== EXERCISE DETAILS ==
The pictures must be left out, while the rest of the data is copied exactly.

___ DATASET SECTION

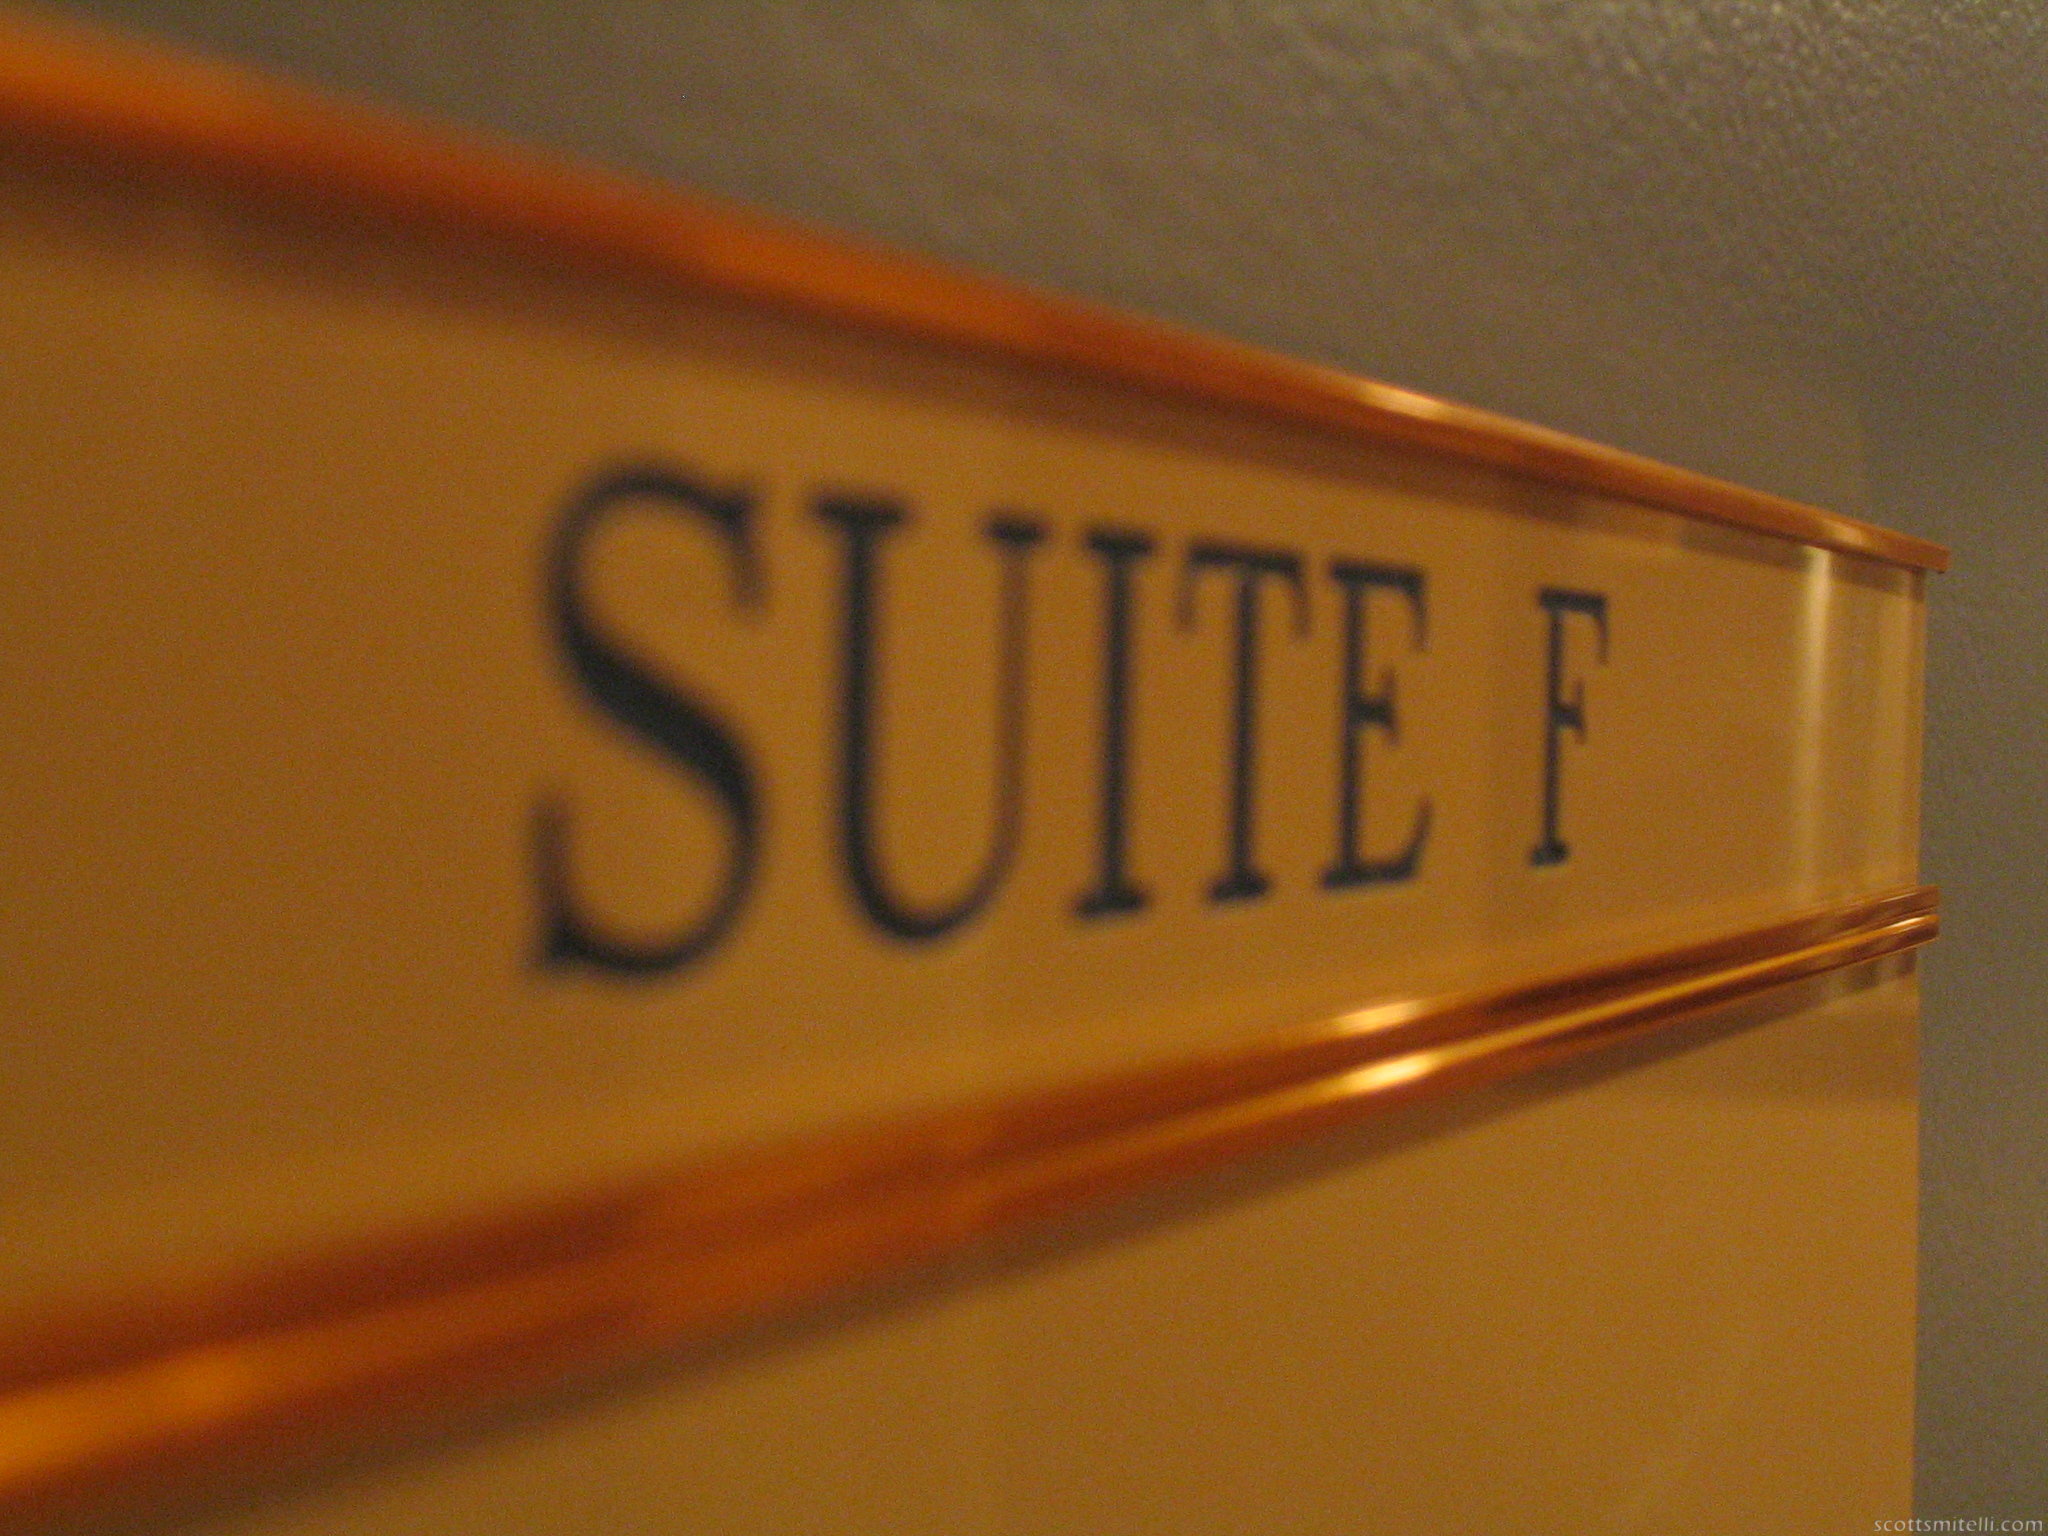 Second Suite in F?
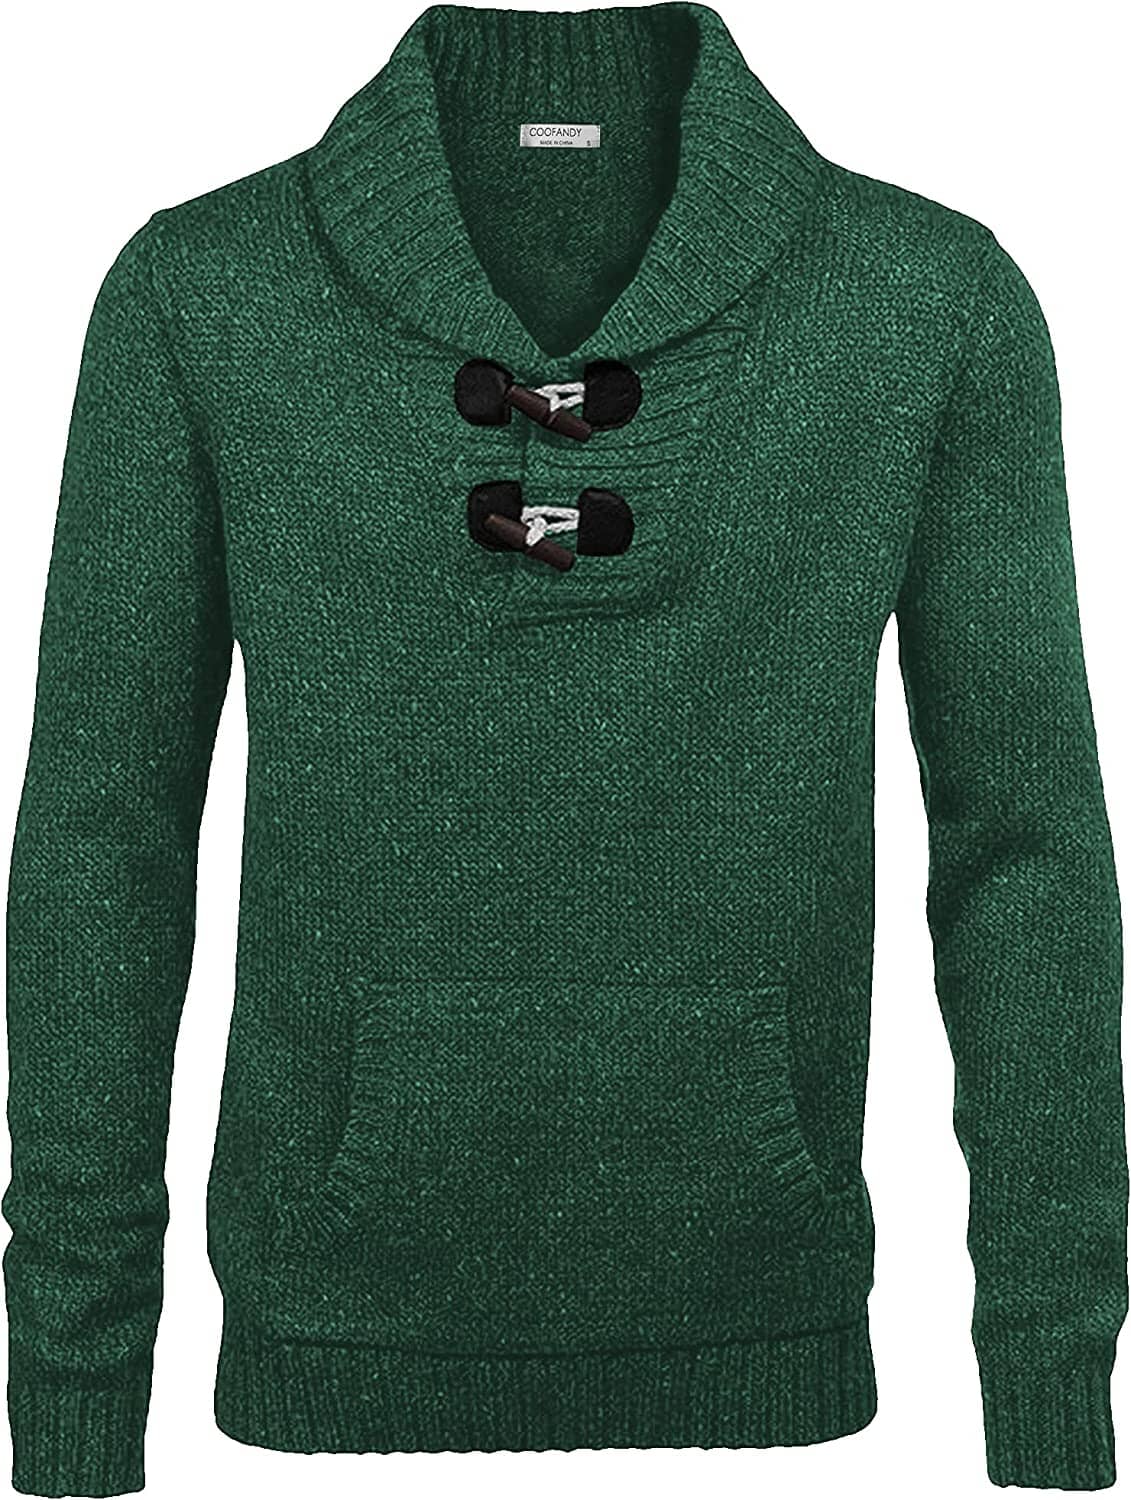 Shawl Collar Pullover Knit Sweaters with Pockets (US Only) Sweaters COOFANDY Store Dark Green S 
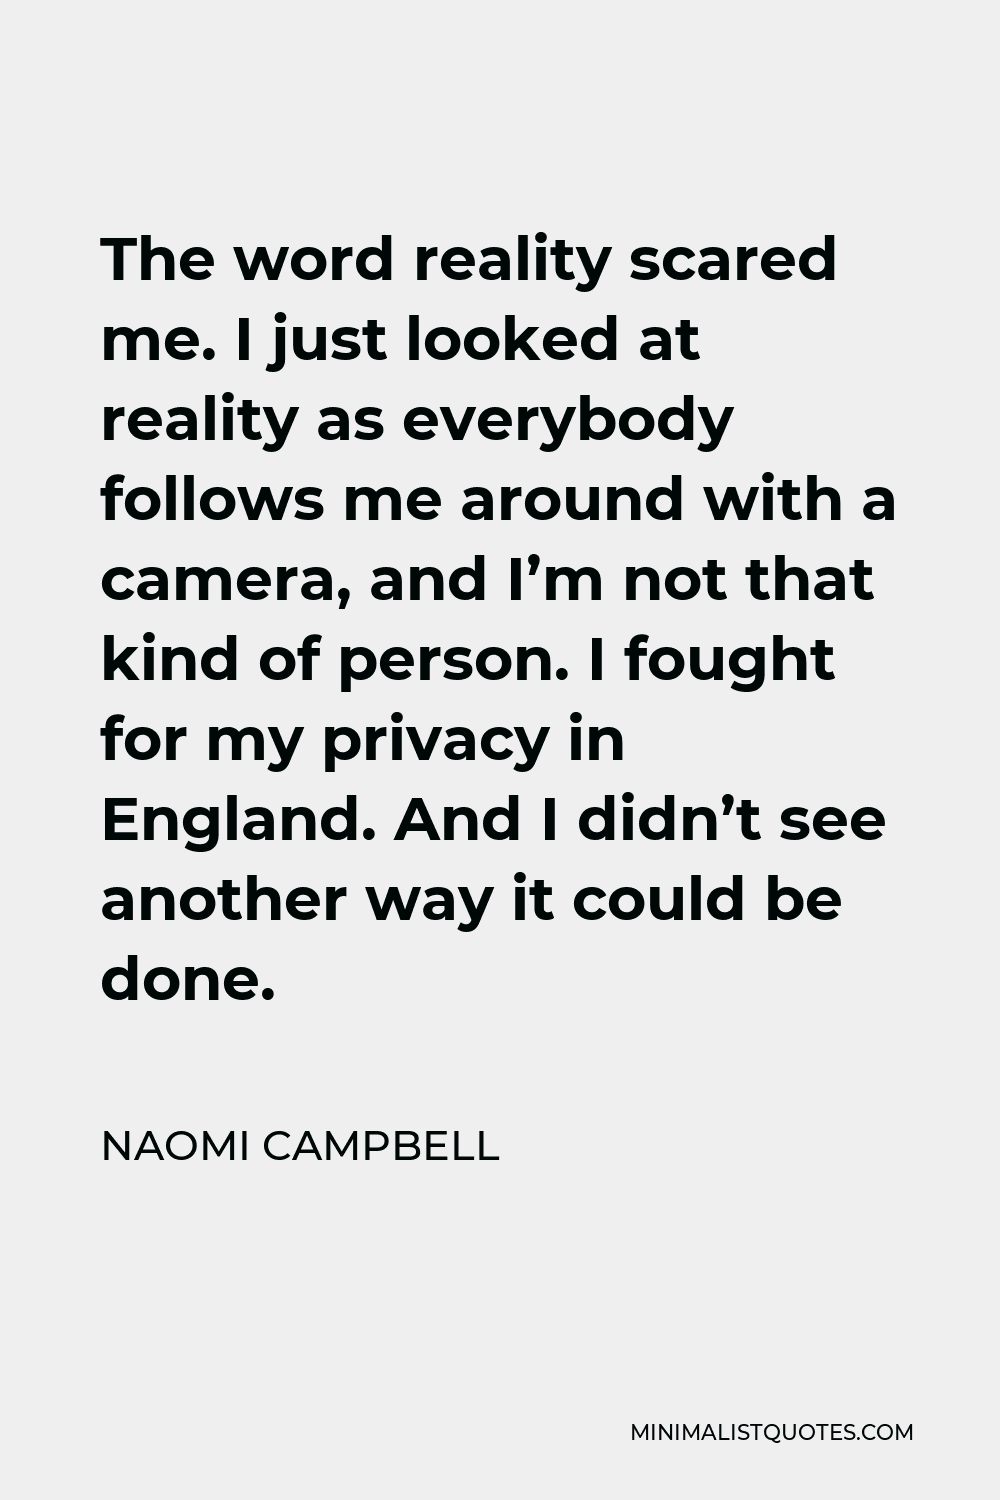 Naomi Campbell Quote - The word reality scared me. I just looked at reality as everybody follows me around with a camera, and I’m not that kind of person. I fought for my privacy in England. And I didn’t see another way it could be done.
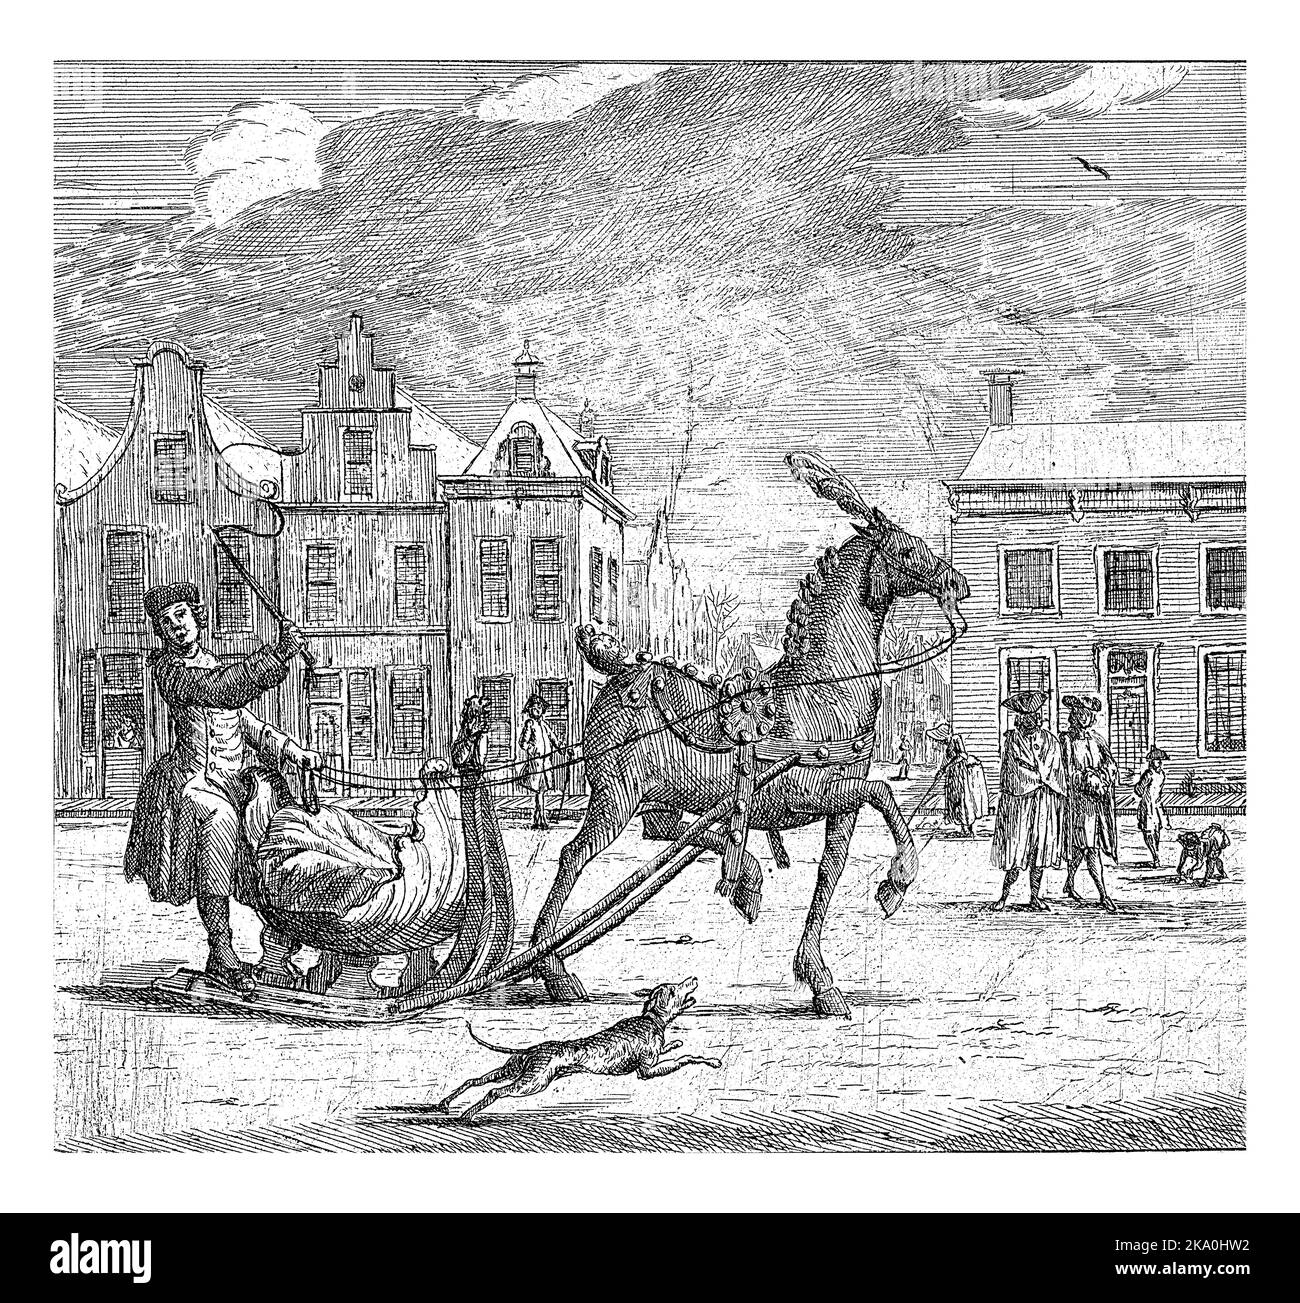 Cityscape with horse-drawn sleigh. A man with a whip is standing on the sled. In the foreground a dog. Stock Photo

______

== REPLY ==
 Second Suite in F?
 Shawl Collar Pullover Knit Sweaters with Pockets (US Only) Sweaters COOFANDY Store Dark Green S 
 Naomi Campbell Quote - The word reality scared me. I just looked at reality as everybody follows me around with a camera, and I’m not that kind of person. I fought for my privacy in England. And I didn’t see another way it could be done.
 Cityscape with horse-drawn sleigh. A man with a whip is standing on the sled. In the foreground a dog. Stock Photo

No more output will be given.